Marine Link
Tuesday, March 19, 2024

McDermott Completes First Year In Mexice

It has been one year (March 10, 1995) since McDermott took over the shipbuilding/repairing facility Talleres Navales del Golfo (TNG) in Veracruz, Mexico. Since then, the management team, headed by Paul Albert, has concentrated on refurbishing the yard — for which approximately $12 million has already been invested — for the ship repair (70 percent) and the offshore (30 percent) industries. Both docks, the larger with an 80,000 dwt capacity, have been used solely in the ship repair industry while McDermott looks for suitable newbuilding contracts. It is expected that such contracts will be placed by this summer, at which time the yard will commence the building of a Panamax-sized floating dock, the design of which has been supplied by Crandell Industries.
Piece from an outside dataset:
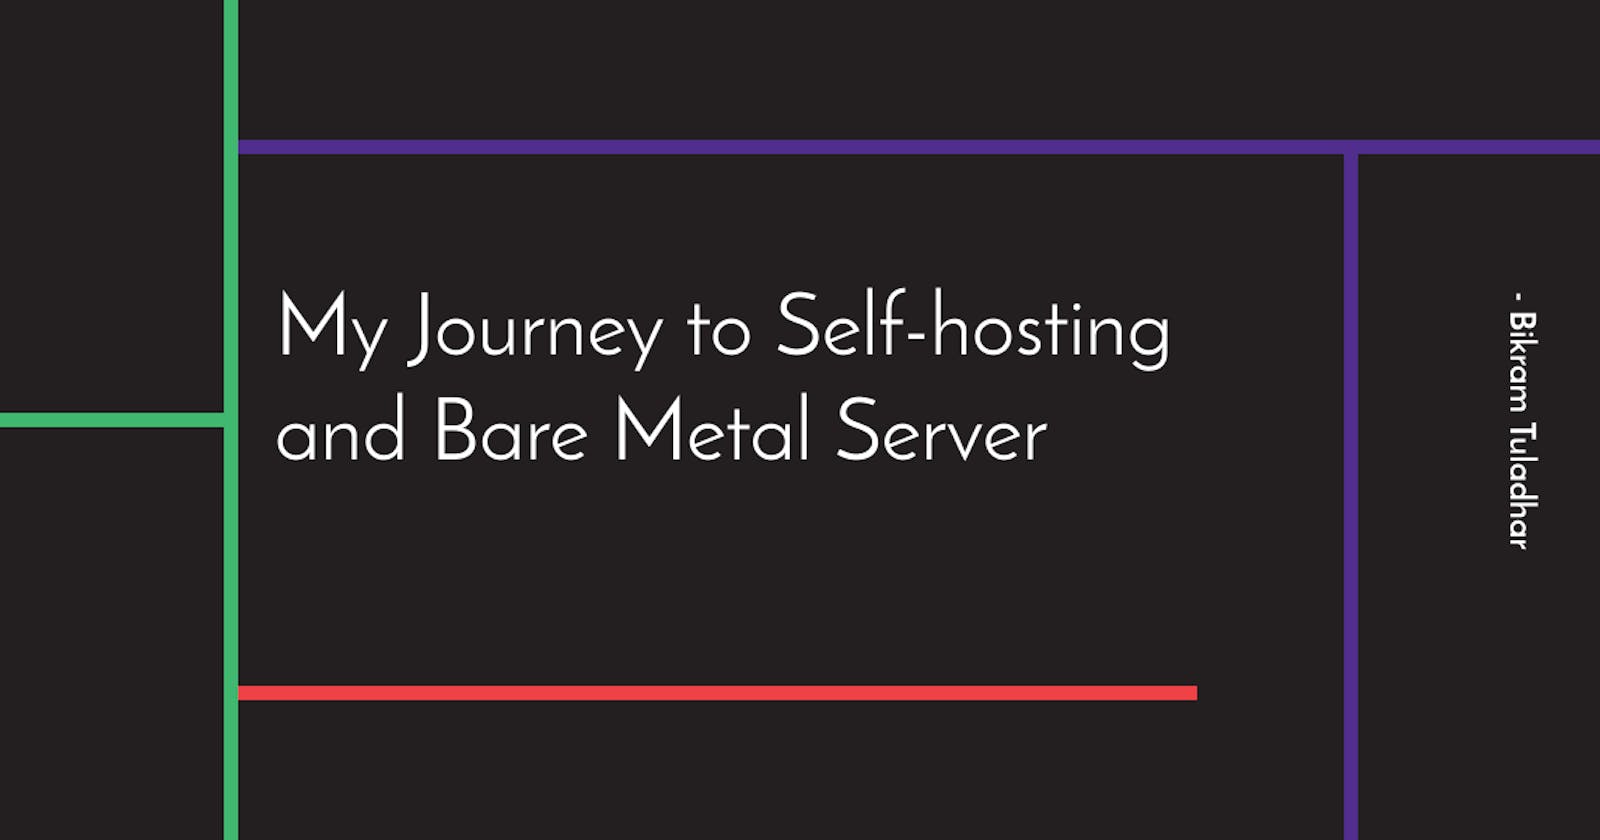 My Journey to Self-hosting and Bare Metal Server

The recent North American Free Trade Association (NAFTA) agreement allows the yard to bid for Jones Act ships from the U.S. at a reduced rate of import duty; the import duty is to disappear by 1998. Workhour rates and steel prices at the yard are more in line with levels Singapore.

Since the yard opened last year, 28 ships have been drydocked, mainly for repair work. This list has included two ships from Houston-based tanker owner Coastal Corp., the 51,313 dwt Coastal Corpus Christi and the 39,357 dwt Coastal New York, which are operated by Coscol Marine Corp., and the 65,402-dwt Bahamas self-unloading limestone carrier W.H. Blount, owned by Bulica Shipping Co. of Pasadena, Calif., and managed by Barber Ship Management.

Currently in the yard are two former Russian super-Atlantik class trawlers, which are being converted to fish processing ships for Ocean Resources Management, Seattle. Undergoing general repair work were two Mexicanowned offshore supply vessels Don Henrique II and Don Rodrigeuz II, products carrier Navado and Navimin's 23,420-dwt, Mexicanregistered sulfur carrier Otapan (alongside repairs). Also under repair is jack-up rig Jalapa. Another visitor to the yard was the 38,200-dwt Bahamian self-unloading bulk carrier Atlantic Erie, which is owned by CSL International, and is due in the yard for 29 days of steel renewal and general repairs.